• [Given material]
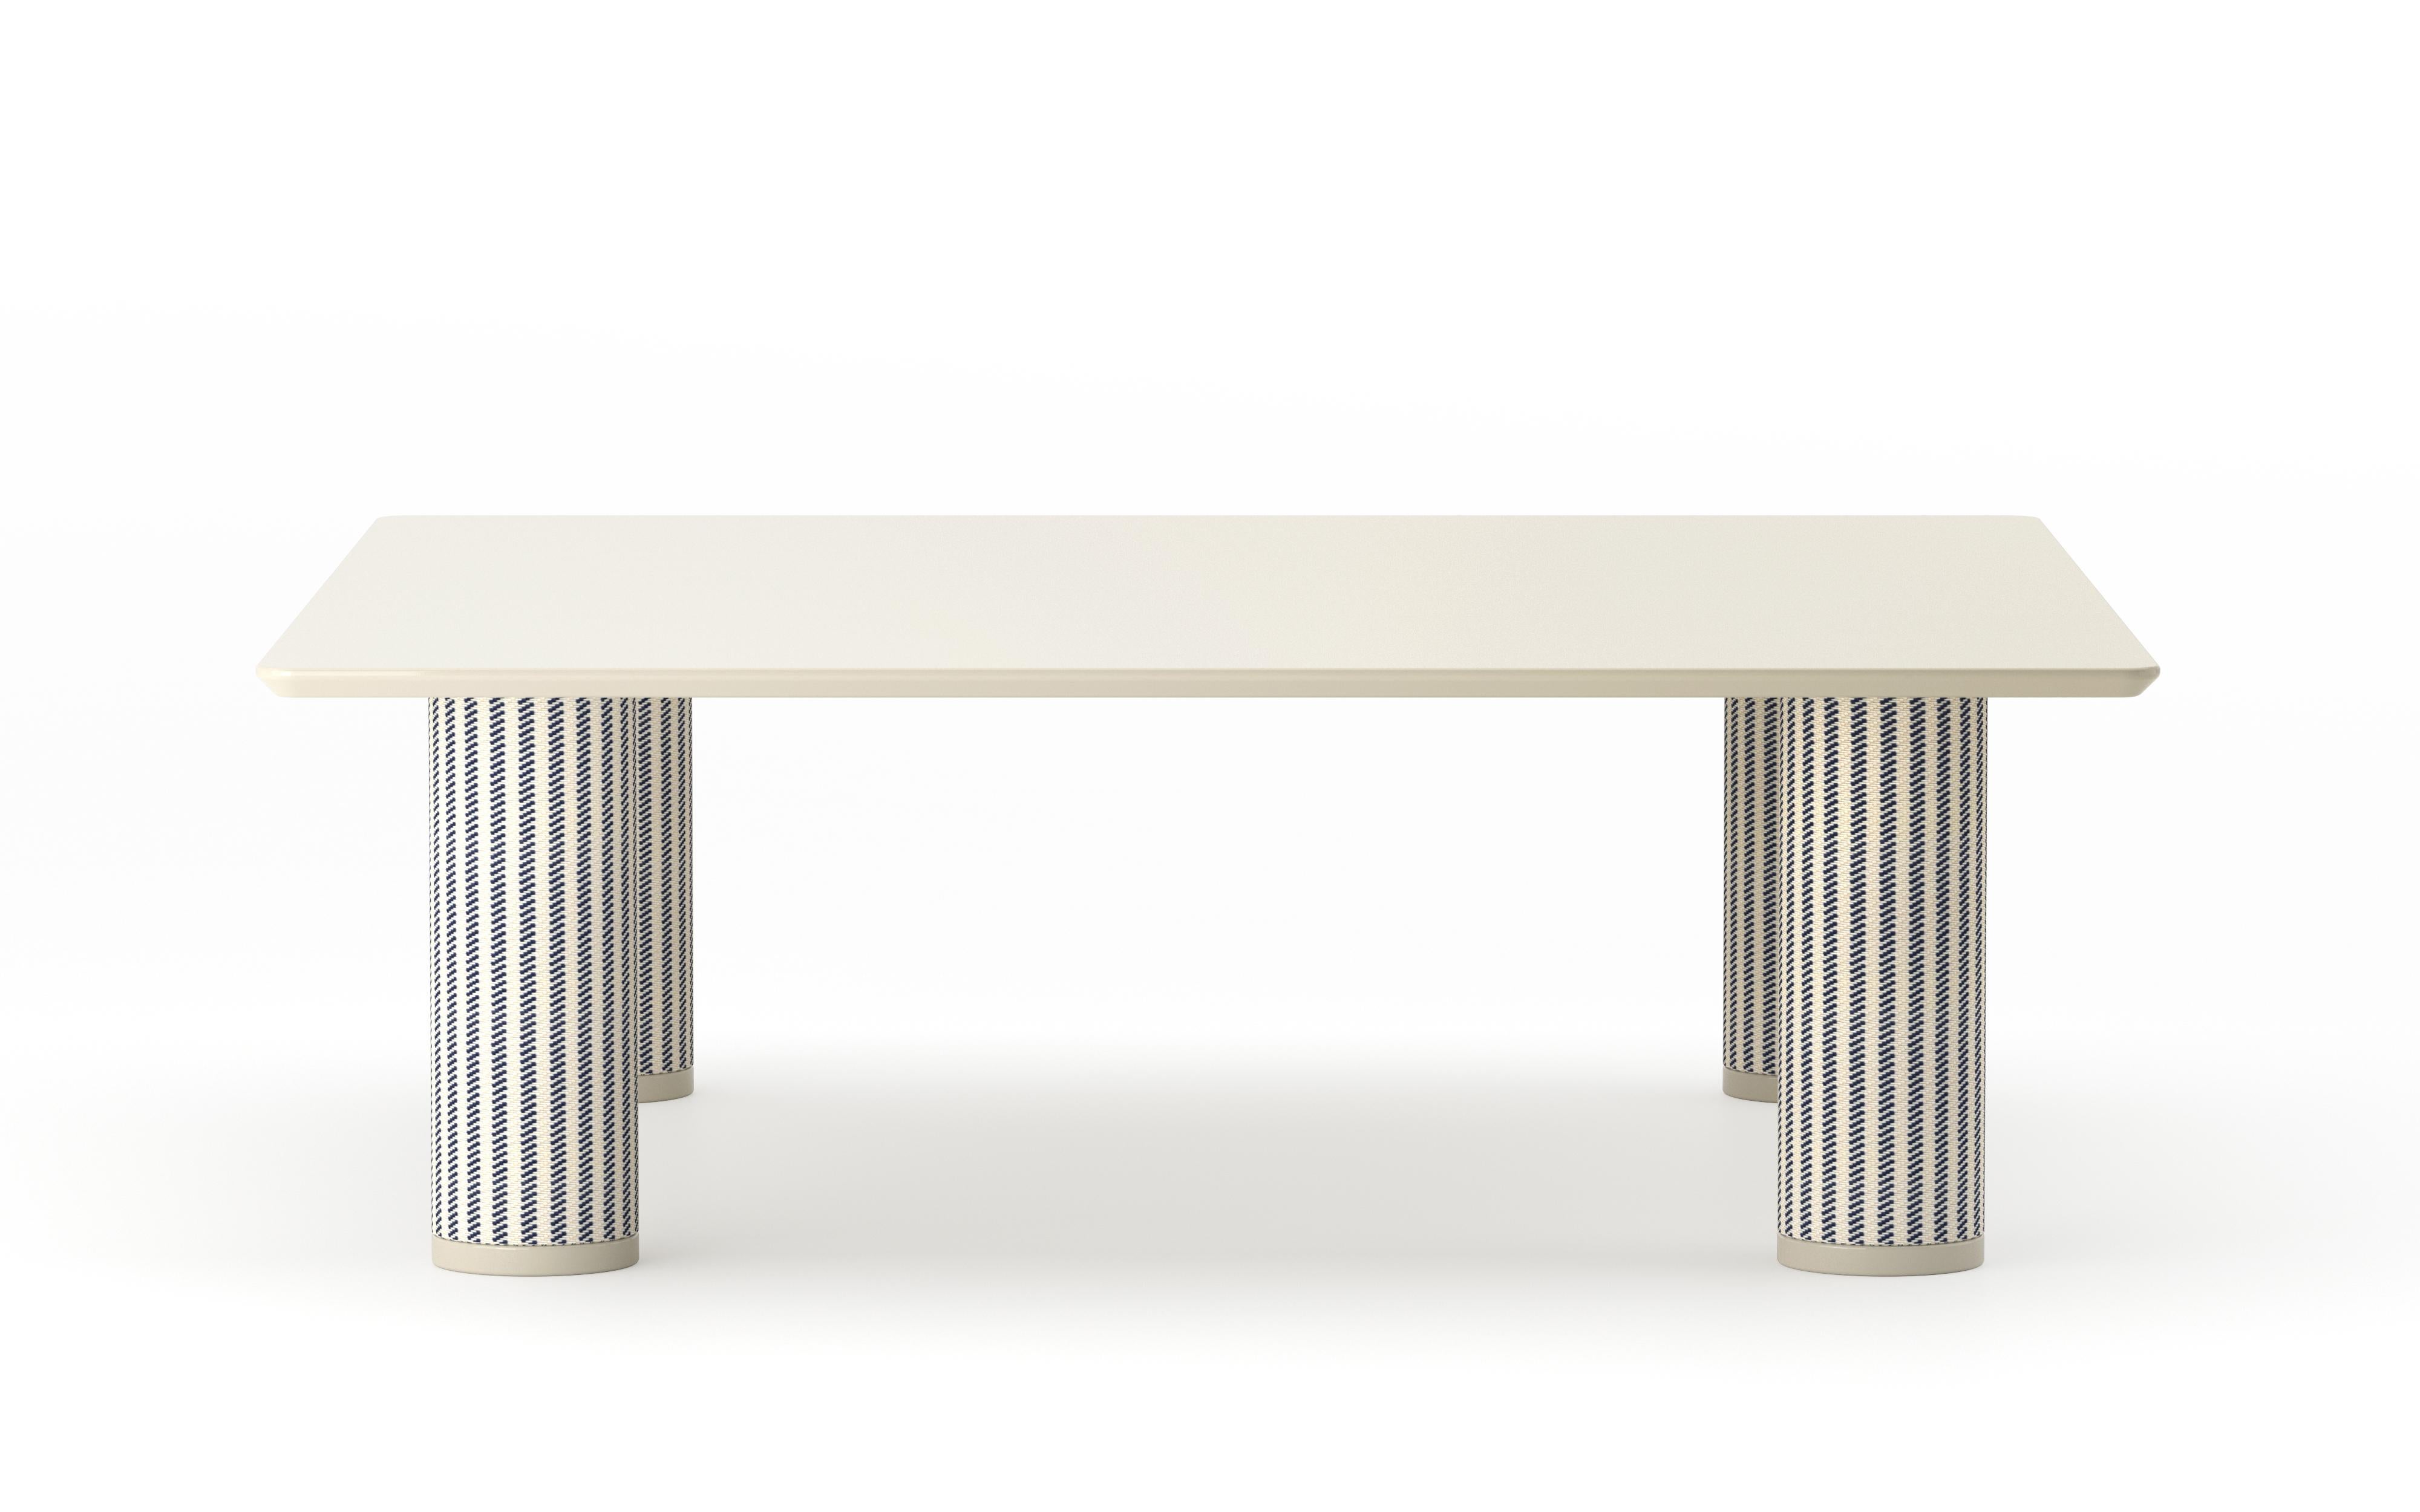 UMA Square est une table basse de la collection du même nom conçue par Ludovica+Roberto Palomba pour P + C Edizioni au printemps 2022. Mesures : 90x90x30 cm.
Dotée d'un plateau carré en résine, UMA Square met l'accent sur le design des pieds
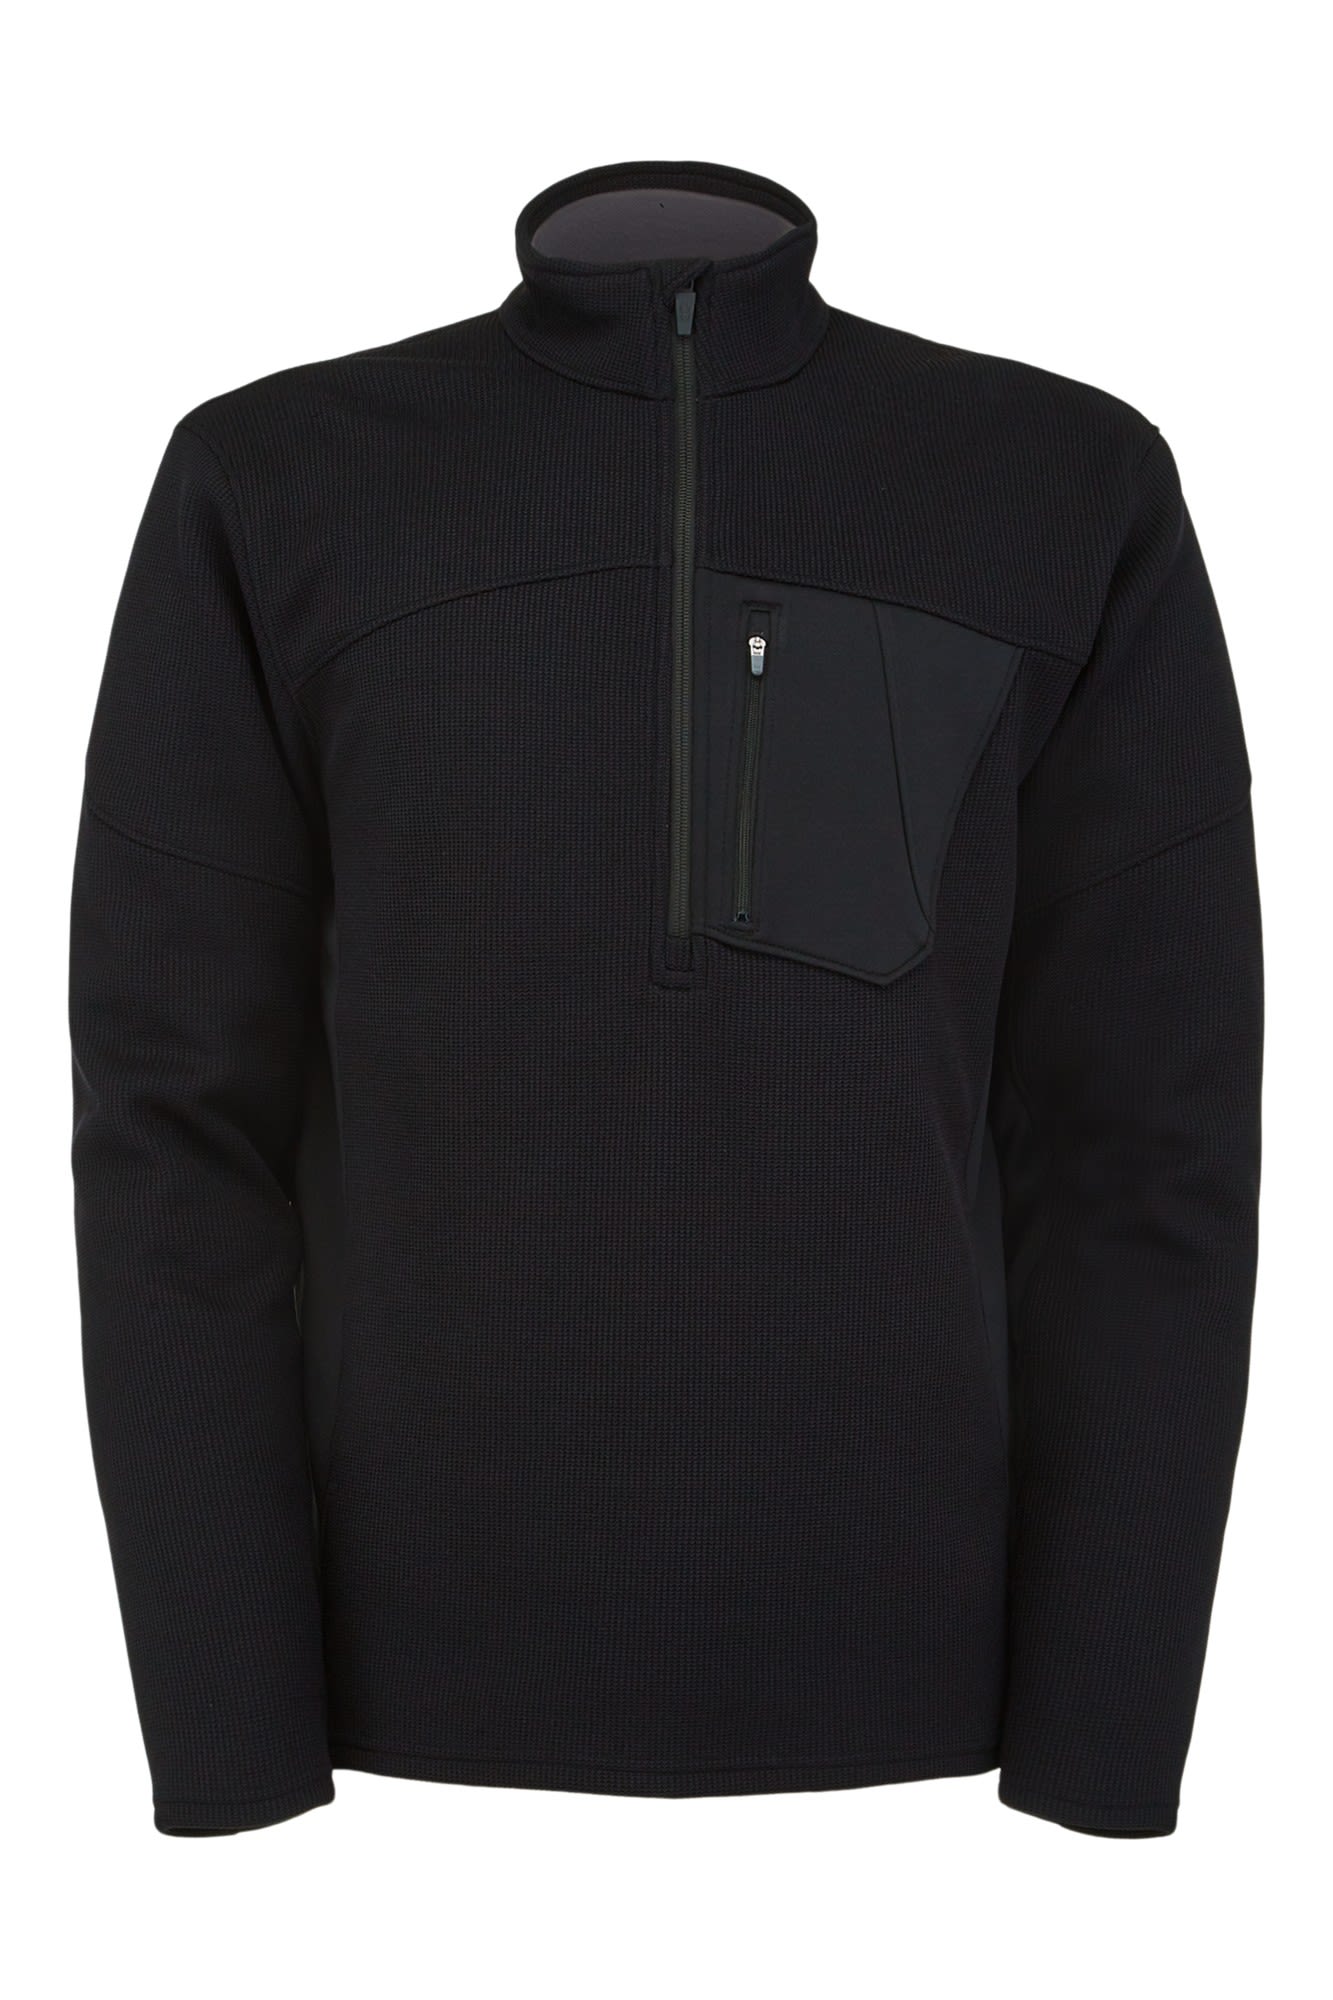 Spyder Bandit Half Zip Jacket Schwarz- Male Freizeitpullover- Grsse S - Farbe Black unter Spyder

• [Aim of the exercise] Drop every picture from the data, then output all the rest exactly.

• [Answer area]
 UMA Square est une table basse de la collection du même nom conçue par Ludovica+Roberto Palomba pour P + C Edizioni au printemps 2022. Mesures : 90x90x30 cm.
Dotée d'un plateau carré en résine, UMA Square met l'accent sur le design des pieds
 Spyder Bandit Half Zip Jacket Schwarz- Male Freizeitpullover- Grsse S - Farbe Black unter Spyder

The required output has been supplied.